Izzy...you can pick up the Nordschleife sticker in any Autobacs in the country. You see them on a lot of cars. I guess most people don't realize the purpose of the stiker is to show that you have driven your car on the 'ring.... they probably think Gran Turismo 4 qualifies


----------



## hyrev (Apr 30, 2004)

*Some of mine*

Here are some pics I took. It was a nice time.
No hassle from the law, laid back, and nuttin 
but car talk goin on! What a total guy event!
Tony's beast









original GTR-perhaps I should trade him for mine?









look at the rear diffuser for this r32-nice









a few cars that rolled out there with us









not a GTR-but nice CF on this 350Z, a lot of CF on this beast









Nicely done R34 V Spec II, all NISMO'ed out!!









BB 34 V Spec II with the classic LM BBS









R32 with cold air for the oil cooler and intakes-real clean
also is pushing 600 HP-very impressive and sleeper look









love the black R34 wheels on this Prince R34 V Spec II









another 600 hp club member, as well as a 320 km/h member









of course, I had to put in my car :smokin: 
glad I got the Volk GT-7's, sold the BBS LM 18X10's for these









wide is better? This car has has a big hips=big grip for the 19X12.5 rims
Tony's on the rt., mine on the lt. Can you spot the difference in the Arses?









That is all from me, for now.
I really hope you enjoy my small contribution. 1st time taking pics at
night, messing around with shutter speeds.
DCD or anyone esle- how can I improve my shots? I actually used a 
tri-pod, unlike Yukio and his trusty Asahi beer bottle make shift tri-pod


----------



## DCD (Jun 28, 2001)

Pictures look great. Great light, clean exposures, sharp images, great subjects...nothing to improve here.


----------



## hyrev (Apr 30, 2004)

DCD, i think this is the R34 you wanted to see. It is not an air box, just a cover. None the less, still a bad little boy!!









I hope they dont have many cameras around here that take photos
of the rear plate, or we are screwed!! Front plate is good to go!


----------



## DCD (Jun 28, 2001)

cool, thanks for that. It looked like an airbox from the other angle.

Are the plate mounts you guys use the spring types or the regular ones that you have to adjust by hand? Can't seem to find the springy ones any more...


----------



## Trev (Nov 1, 2003)

Some of the best collections of cars I have seen :smokin:


----------



## skymania (May 28, 2004)

OMFG! Pics are absolutely superb!!!  

The meet looks like it was great and ALL those Skylines are incredible!

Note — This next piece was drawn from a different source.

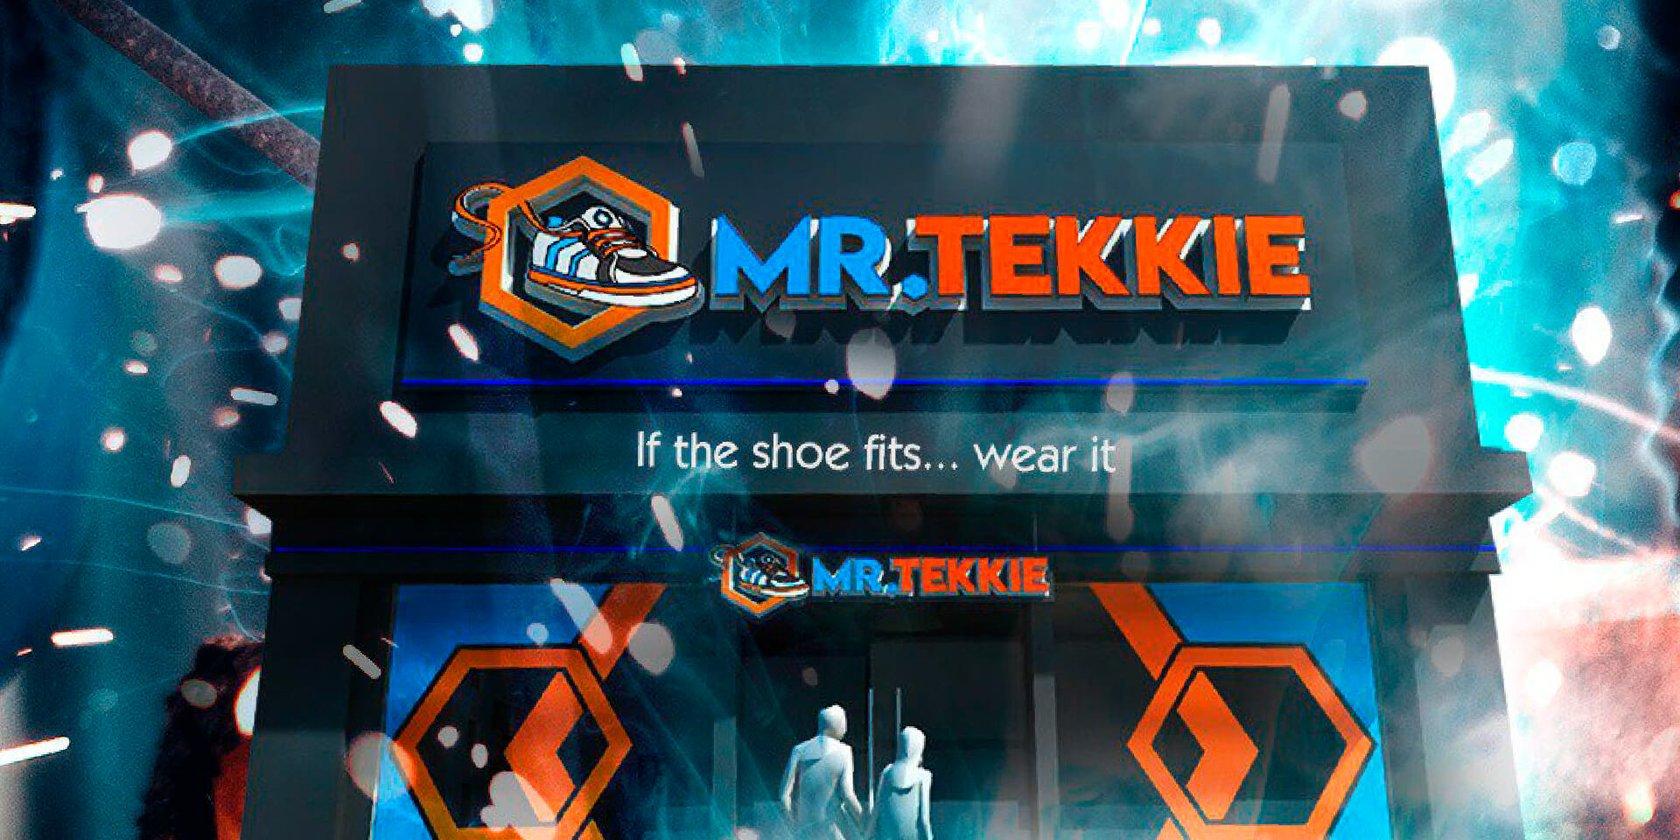 Mr. Tekkie

(Quick question: how do you make the lights appear to have a cool star shape? Something to do with the exposure?)


----------



## Liam (Sep 5, 2002)

yea and the aperture you use. its harder trying not to get the starburst effect than it is with.


----------



## yUkz2daIZZO (May 5, 2004)

Luffy said:


> is that your car in question then!!
> 
> they look great!!
> 
> Do you know where to get them and roughly how much, im quite interested!


from autobacs i saw it for about 300,000 yen with set of tires.


----------



## hyrev (Apr 30, 2004)

i think you get a free sticker or a free R32 too with that purchase!!


----------



## Todster72 (Jan 24, 2005)

awesome pics - my mouth is watering !!! I want an R34 soooooooooo bad !

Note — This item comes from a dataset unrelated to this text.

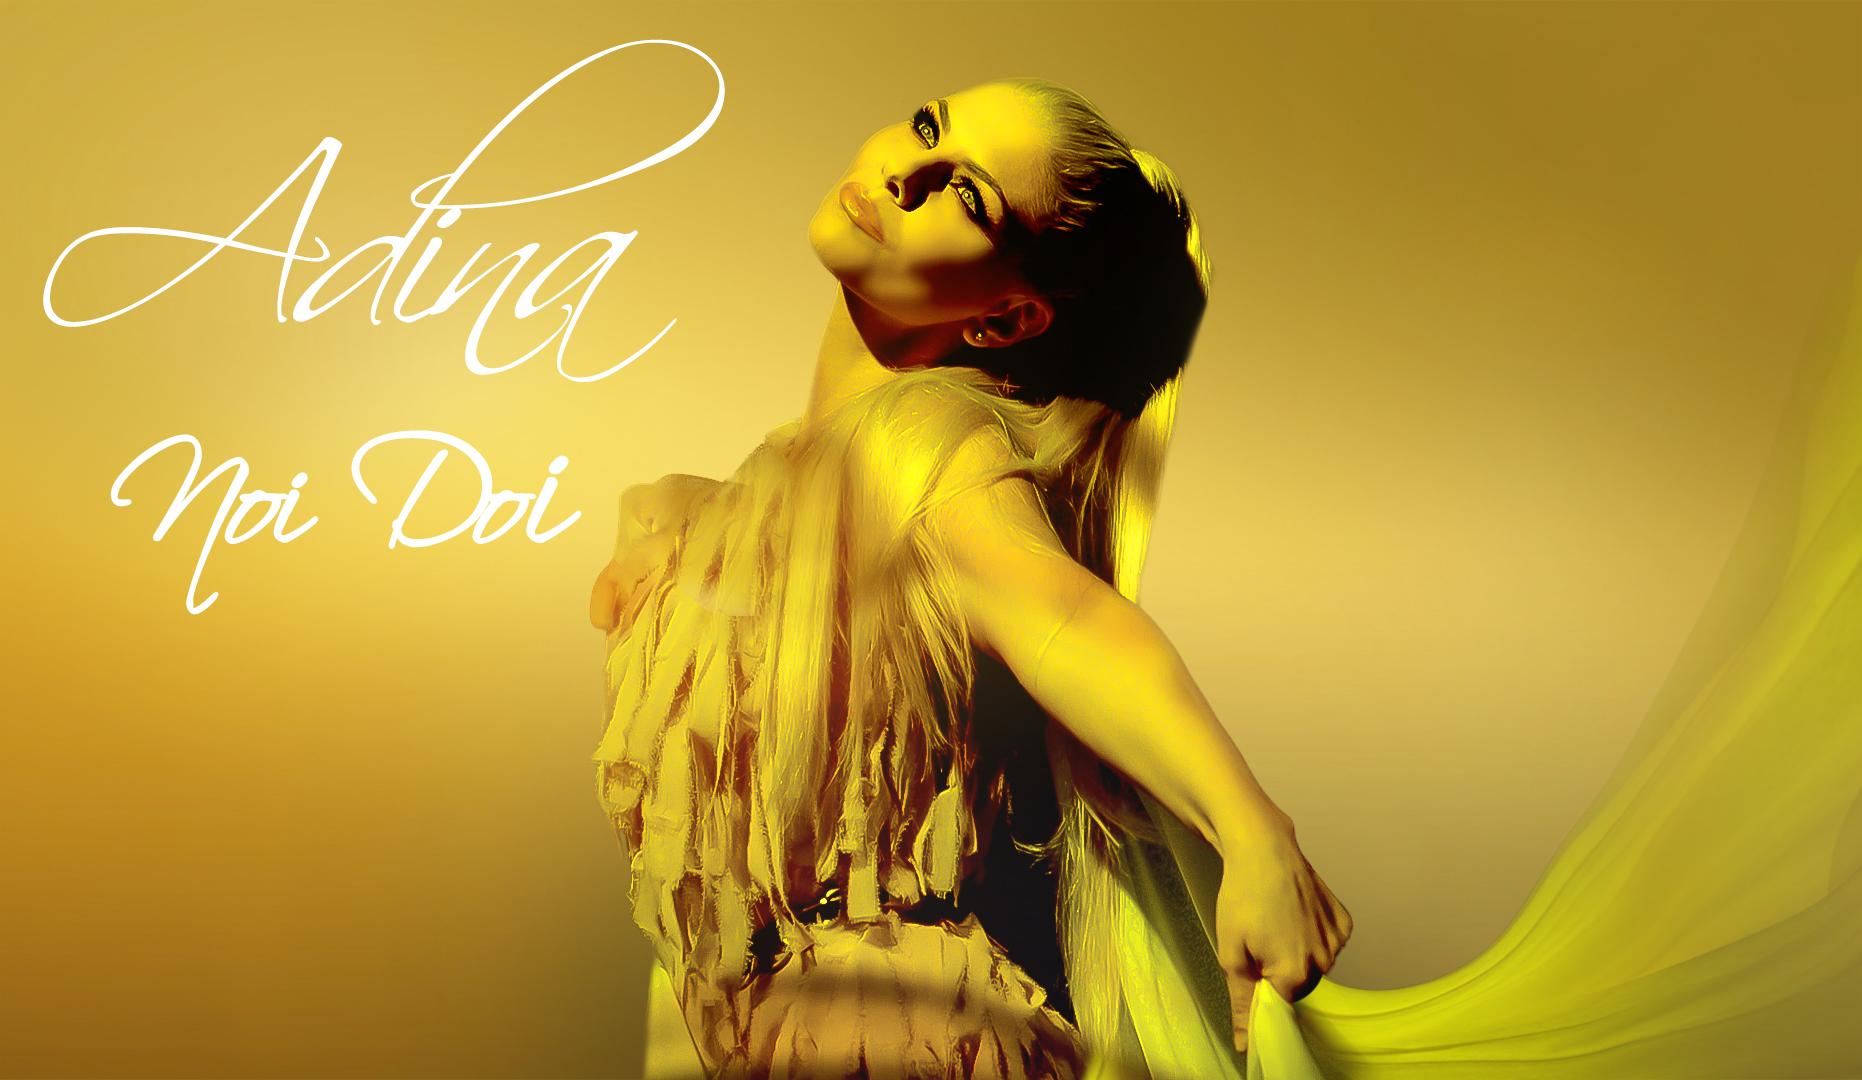 """Adina lanseaza single-ul """"Noi doi"""", impreuna cu un videoclip senzual alaturi de iubitul ei"""

props on da rydez guys and gals !!!

Peace
Todster


----------



## -C- (Oct 16, 2003)

Good pics!

Whats with the numberplates that tilt? is it a cheeky way of avoiding the police?


----------



## MichaelG (Feb 21, 2002)

Superb pics there, thanks for sharing !

The White R34 VSpec 2 Nur with the white wheels is lush. 

I think the idea of those tilting plates is indeed to avoid being caught on speed camera is it not ? Once you reach a certain speed the wind force allows the plate to tilt a little by a swivel manouvere on the bracket. Like a spring mechanism  

Seen them for sale on yahoo japan. 

Michael


----------



## yUkz2daIZZO (May 5, 2004)

yes ur right, but it doesnt have a spring its just a normal swivel with a screw on it.


----------



## yUkz2daIZZO (May 5, 2004)

i posted more pics at www.hipertekspeed.com on the snaps section


----------



## hipogtr (Feb 17, 2002)

Great job with the pics, guys. Thanx penty. Do you happen to know when the next meet date will be?

Cya O!


----------



## Godspd (Dec 12, 2001)

Would anyone know what kind of Mags wheels is on the R33 Blue LM GTR?

Would really like to get it for my skyline.

Thanks


----------



## hyrev (Apr 30, 2004)

those are mine. They are 15X7.5 American racing wheels.
No, they are Volk GT-7's, 18X10.


----------



## Godspd (Dec 12, 2001)

Thanks mate.

They look bloody awesome on your car..


----------